Top of Dataset extract
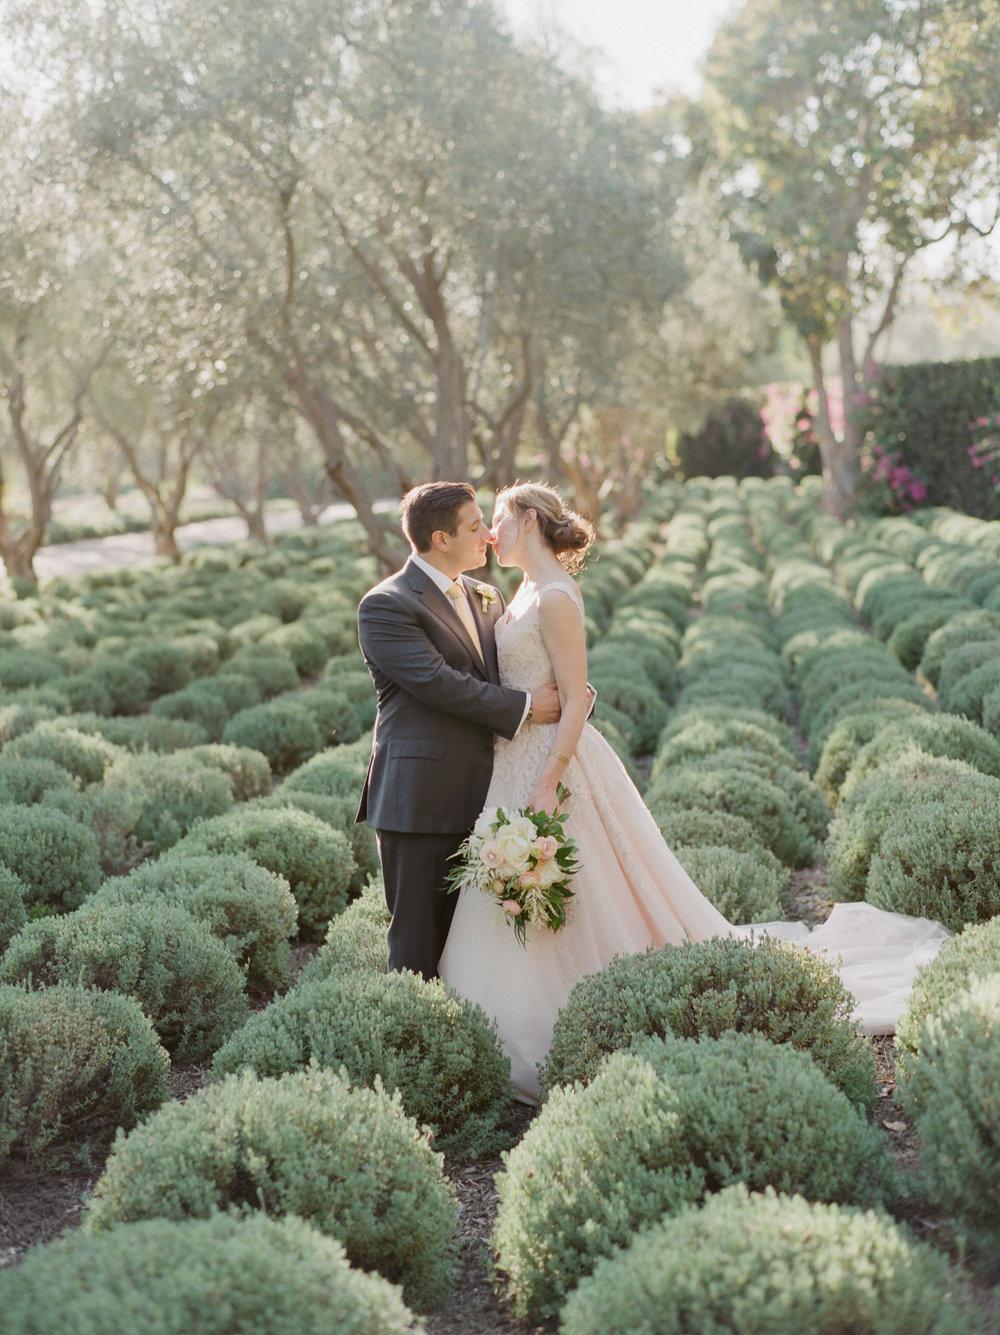 Jessica&Chris_GettingReady_san_ysidro_ranch_wedding_Magnolia_Event_Design_blush_212.jpg
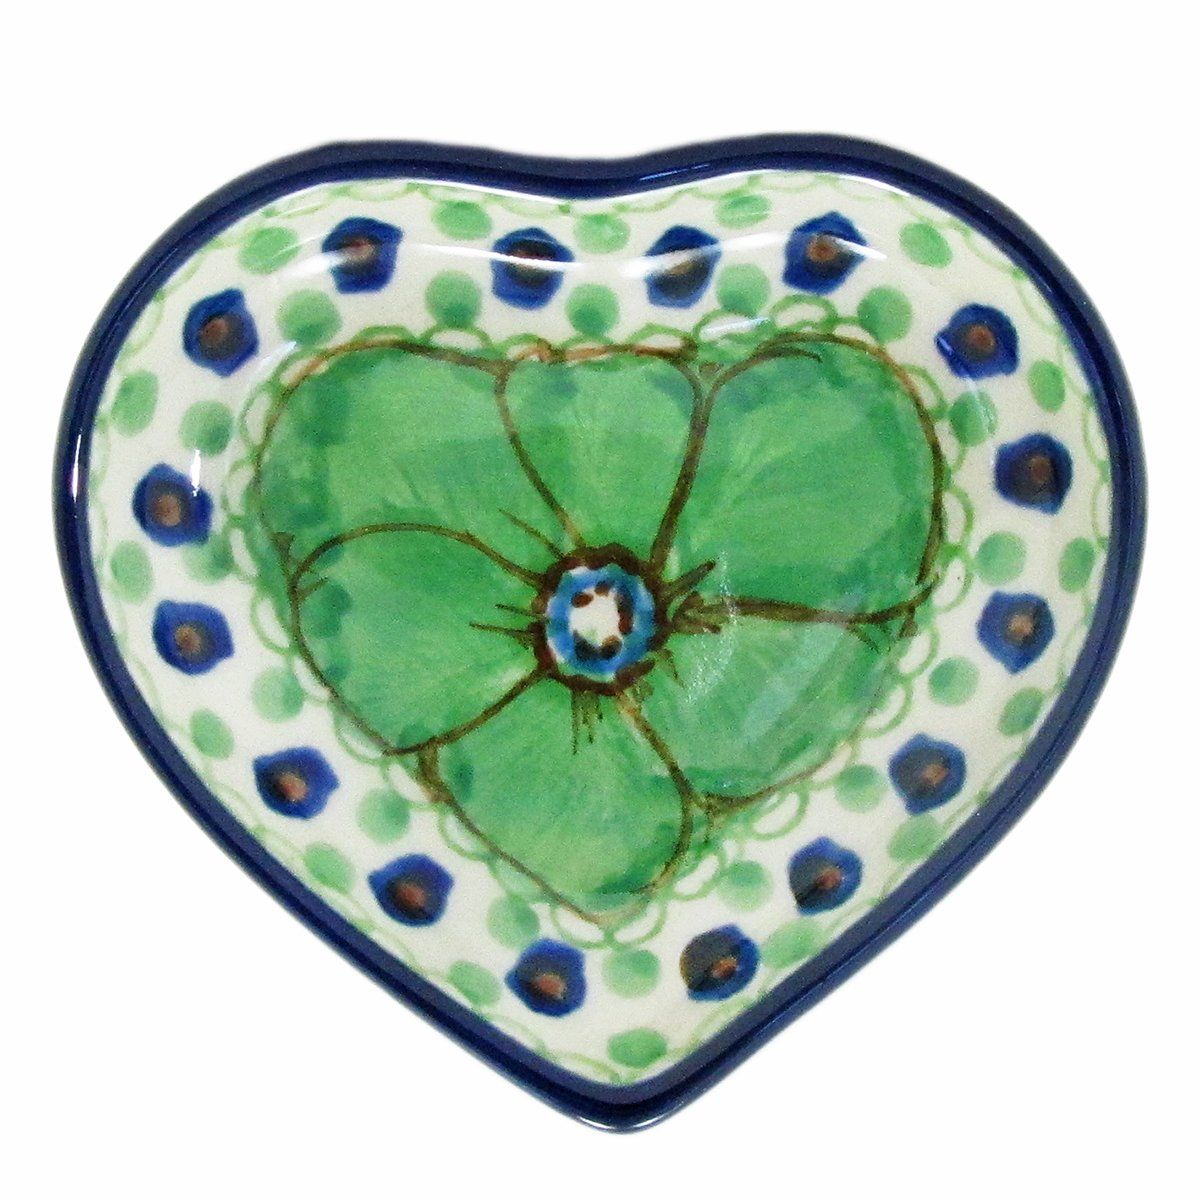 Polish Pottery 3'' Heart Dish Handmade Poland Signature Limited Edition Pattern B64-408A
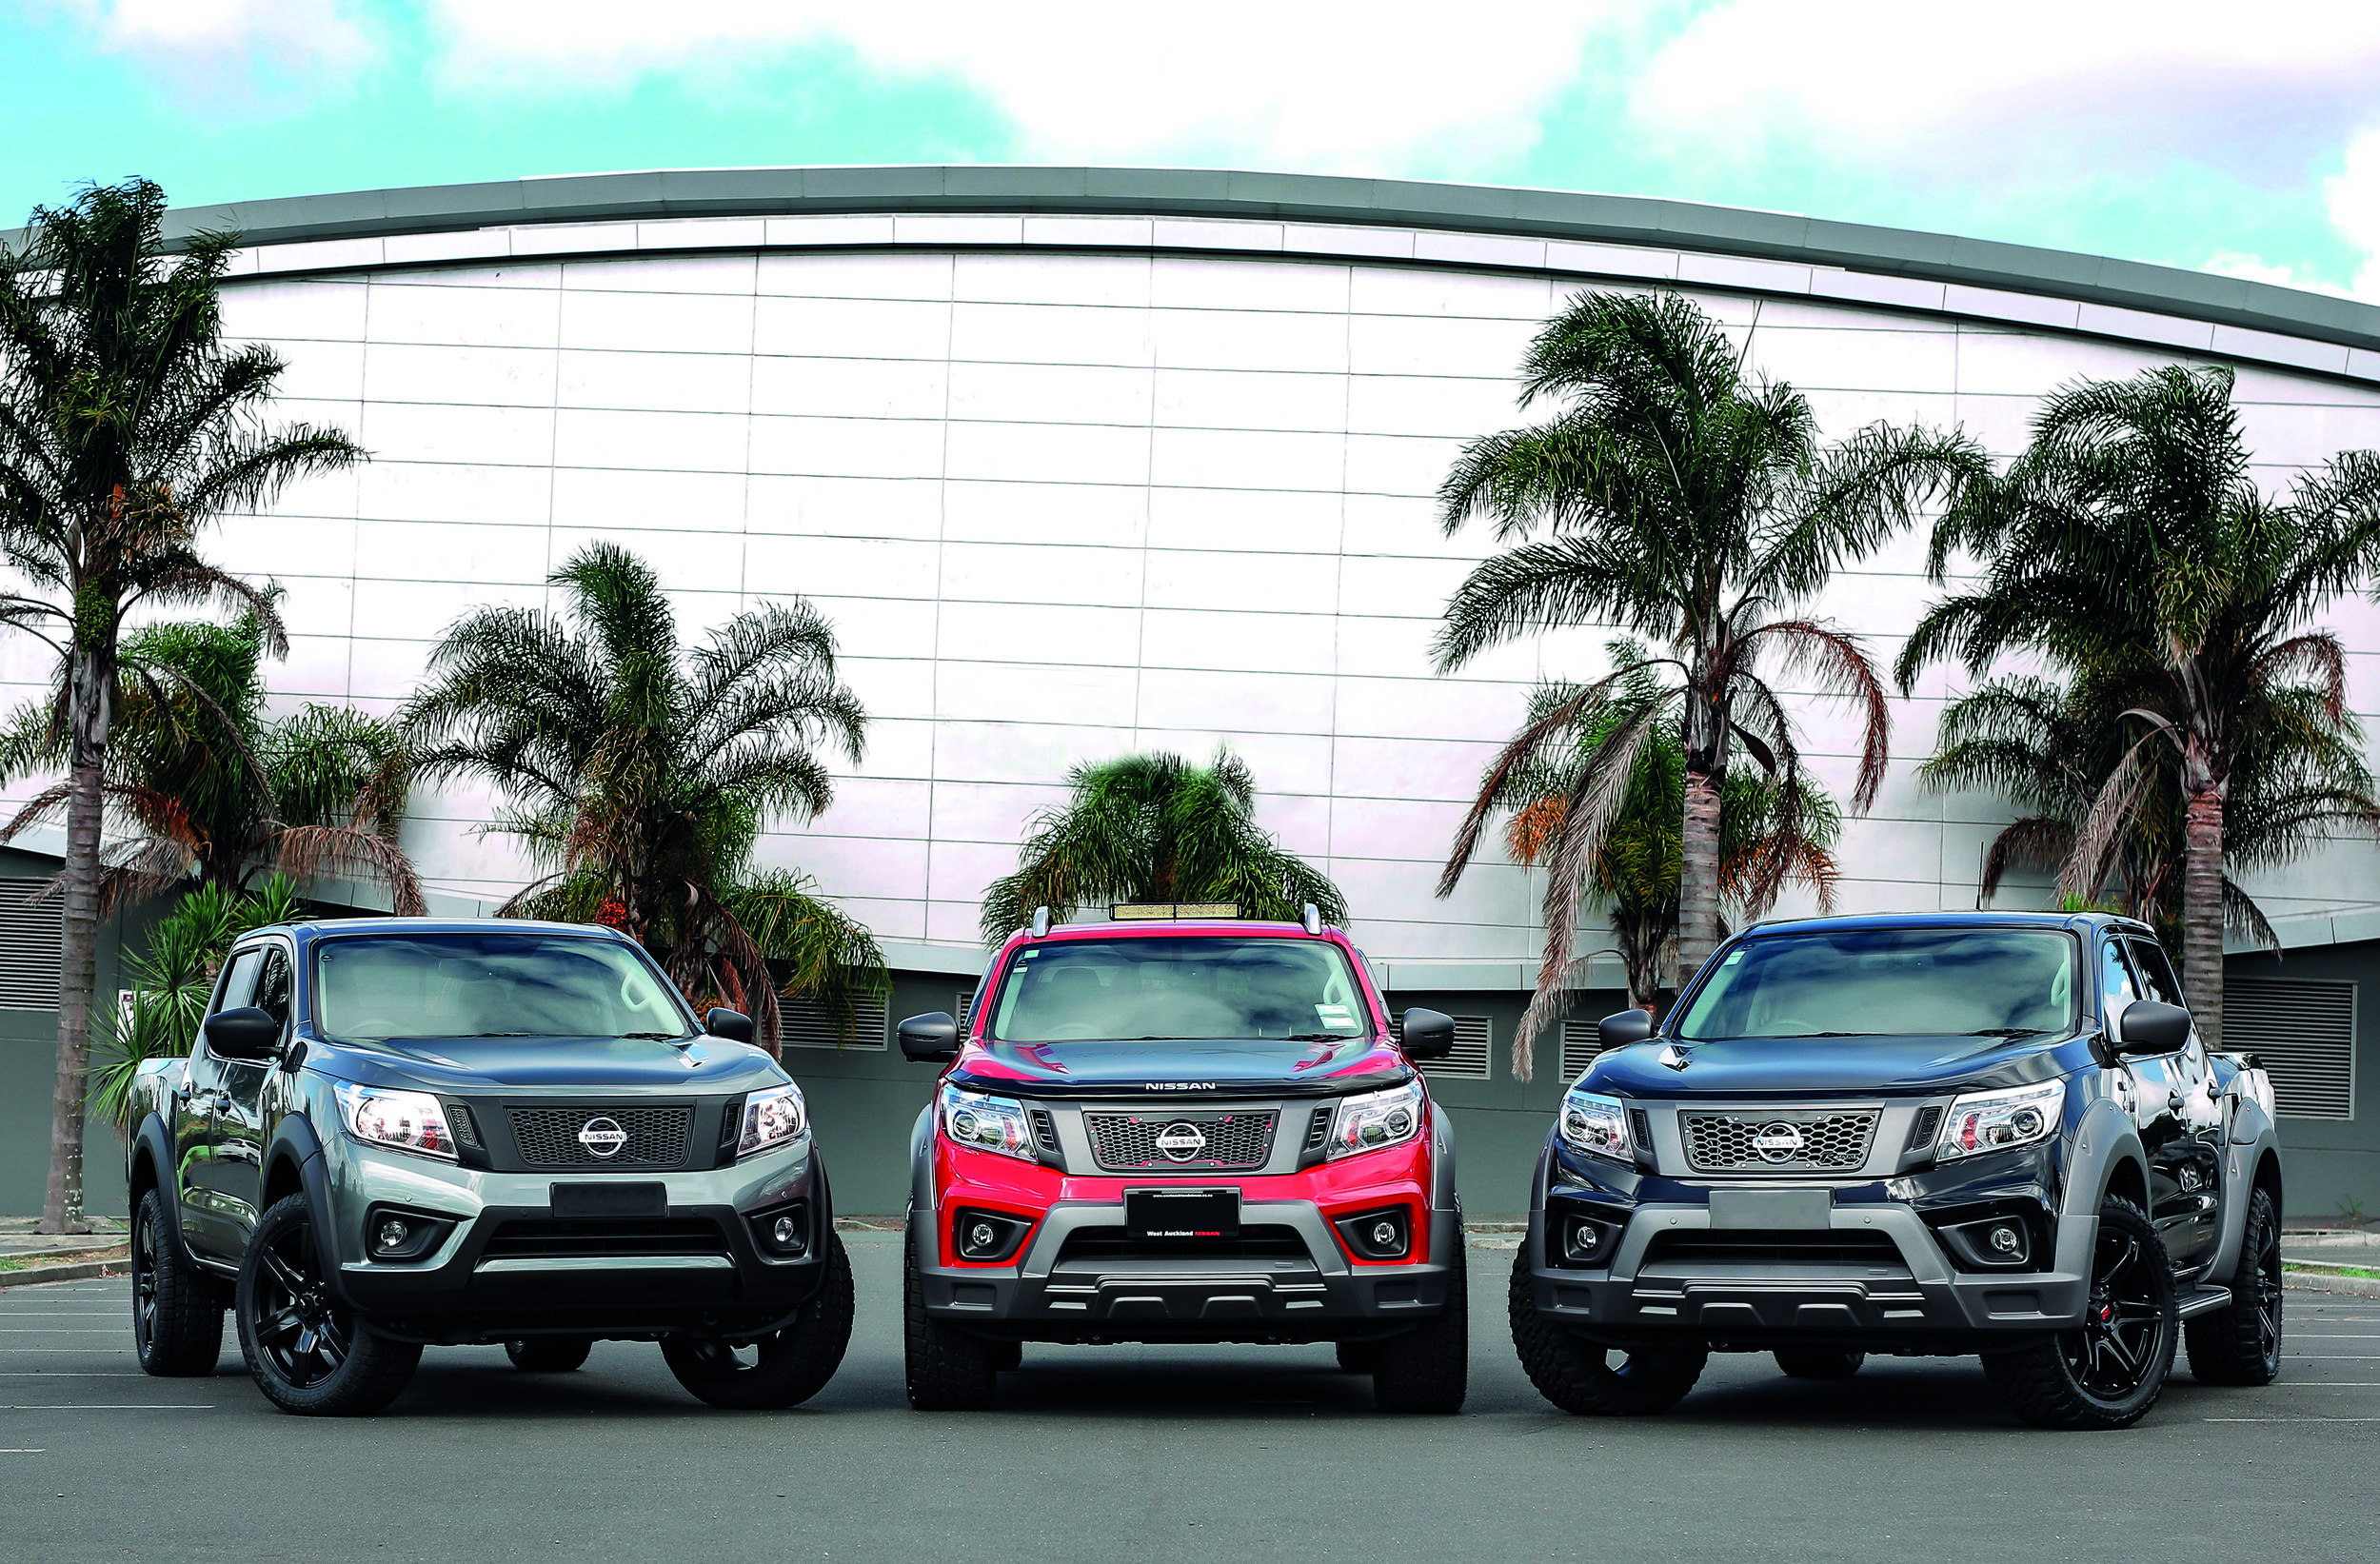 RVE-Nissan-Navara-three-vehicles-showing-different-front-grills.jpg
Bottom of Dataset extract
◆ Your instructions: Your task is to repeat, word for word and with no picture, every line from the one that contains "Polish Pottery 3''" through the last line of the data.

◆ Task response:
 Polish Pottery 3'' Heart Dish Handmade Poland Signature Limited Edition Pattern B64-408A
 RVE-Nissan-Navara-three-vehicles-showing-different-front-grills.jpg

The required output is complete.